Storage Bonanza

More storage in the garage as I install the ceiling-hanging platform.

In our search for more storage in our house I’ve long looked to the 12+ foot ceilings in our three-car garage. There seems to be so much air there, just begging to be replaced with plastic totes! My plan was to eventually install several 4’x8’ hanging units and then load them up with least-used items hanging around the storage part of our basement—things like ski equipment (we haven’t skied since our kids were born) and camping equipment (we haven’t gone camping since our kids were born).

While I have a lot of options for where to place the initial unit, I decided to try it in the middle of the garage, against the “front” wall which would give us maximum ability to access it from 3 (or even 4) sides.

Starting to mount the hangers to the ceiling joists

The FIRST first step was to lock the garage door controls so that I wasn’t killed by a family member opening the garage while I was on a ladder right next to it.

The next first step was to figure out just where the hell my ceiling joists were. Based on nail and drywall seam placement, along with a magnetic stud finder and a consultation of “ceiling joist spacing” on The Google I determined my joists were 24” apart. As an aside, my greatest fear about this sort of storage is that it falls from the ceiling and destroys our car and/or a child, so this was the aspect I spent the most time on getting right.

I drilled test holes 1/4” apart near the seams to determine joist width, and even then I missed sometimes and had to re-drill the self-tapping screws once I started installing the hangers. Each hanger “base” spans two joists, but being ~27” long they just barely did. I kept checking and re-checking spacing between seams, the front garage wall and marks I was making on the ceiling to ensure that I ended up with a rectangle and not a rhombus of some kind.

I used a 24" square to ensure my lines were 2' from the front wall and spanning two joists each

Once the first row went up things became a bit trickier—I was now using a 4’ aluminum ruler to guesstimate the spacing of the secon row from the first. It was difficult to ensure squareness at this point, especially when I was teetering near the top of an 8’ ladder. So once again I was checking, re-checking and drilling pilot holes to make sure I was aligned with the joists.

I totally planned the clearance for the light. Yup.

Next step was to start attaching the hanging posts from the bases.
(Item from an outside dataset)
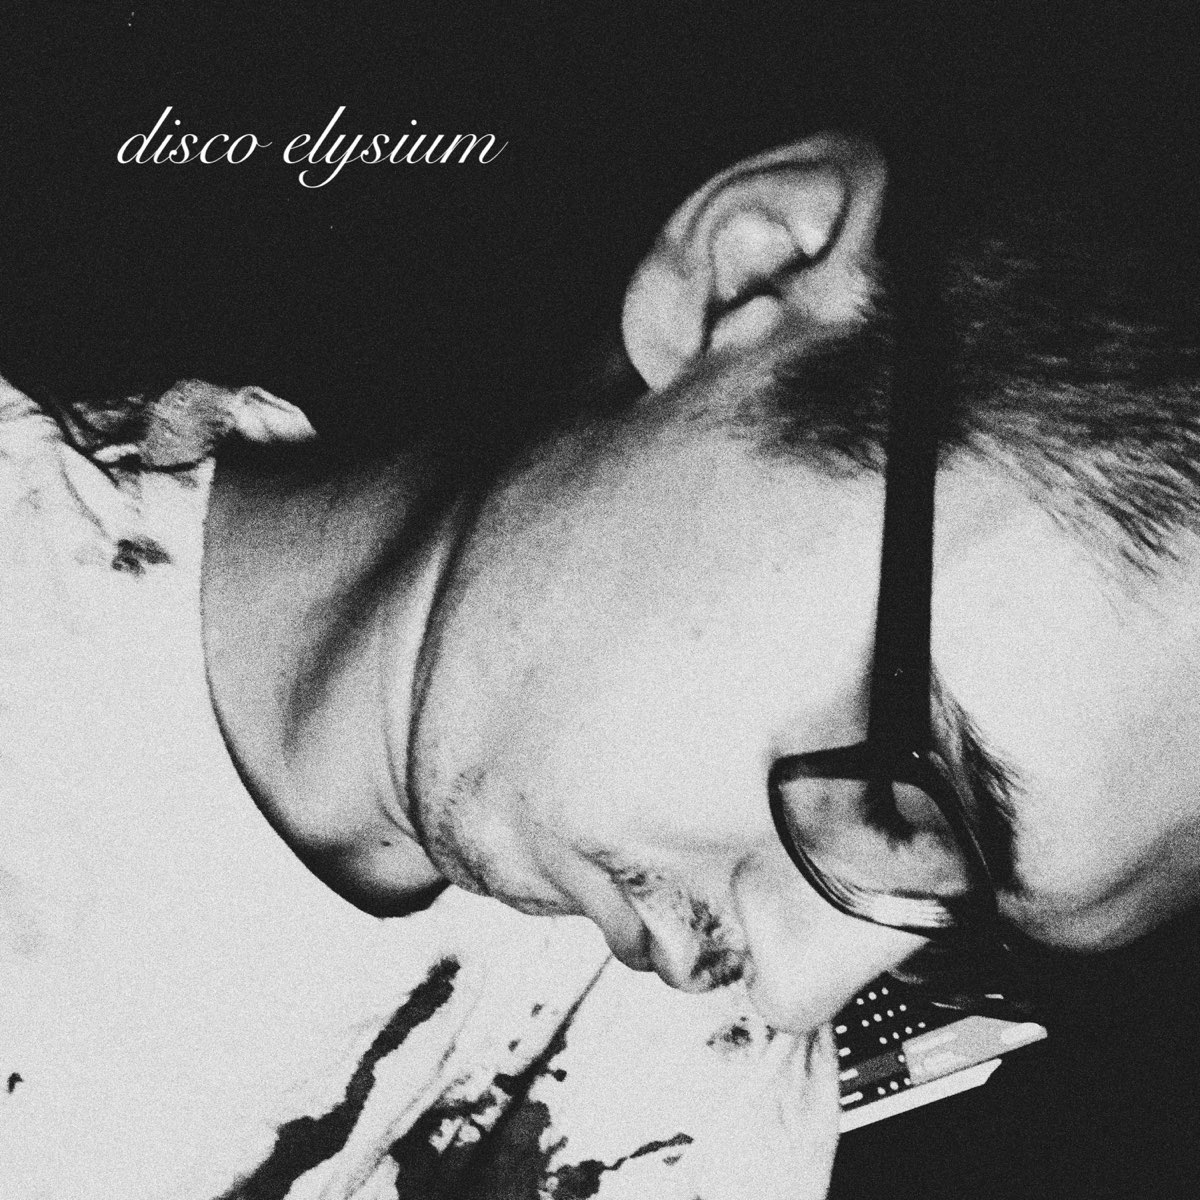 ‎Disco Elysium - Single by Telamonia on Apple Music

This went pretty quickly, they were very easy to size and put together.

The final step was by far the most frustrating and elicited the most swears-per-minute by me. The platform held by the hanging arms used threaded bolts to attach each of the four 2’x4’ pieces to each other and the quality of the threaded holes was awful. When we went to lift it up into place the middle section buckled and it was extremely difficult to attach each side and corner arm to the platform.

“Fuck,” he said, depressingly. “Shit.”

Once it was kind of leveraged into place and I sorta got the bolts through the hangers and the platform I was able to go to each in turn, back out the bolts and then re-align and re-tighten until flush. It was at that point that I stopped swearing.

All screws and bolts tightened. Boom, done.

And thus we had ceiling storage in the garage! Before loading it up I let it hang there over the weekend. If my shoddy installation was that bad I wanted it to fall empty onto our truck. But, to my infinite delight, it was still standing and so we started loading it up!

I ended up with about 35+ inches of usable space above the platform with another 6 inches of clearance for the garage door in the up position, so those 12 foot ceiling did do a good job of absorbing random stuff in my house we don’t use very much! And now that we’re putting our camping stuff into inconvenient storage, that means we’ll soon get the hunkering to, uh, go camping. Win—win.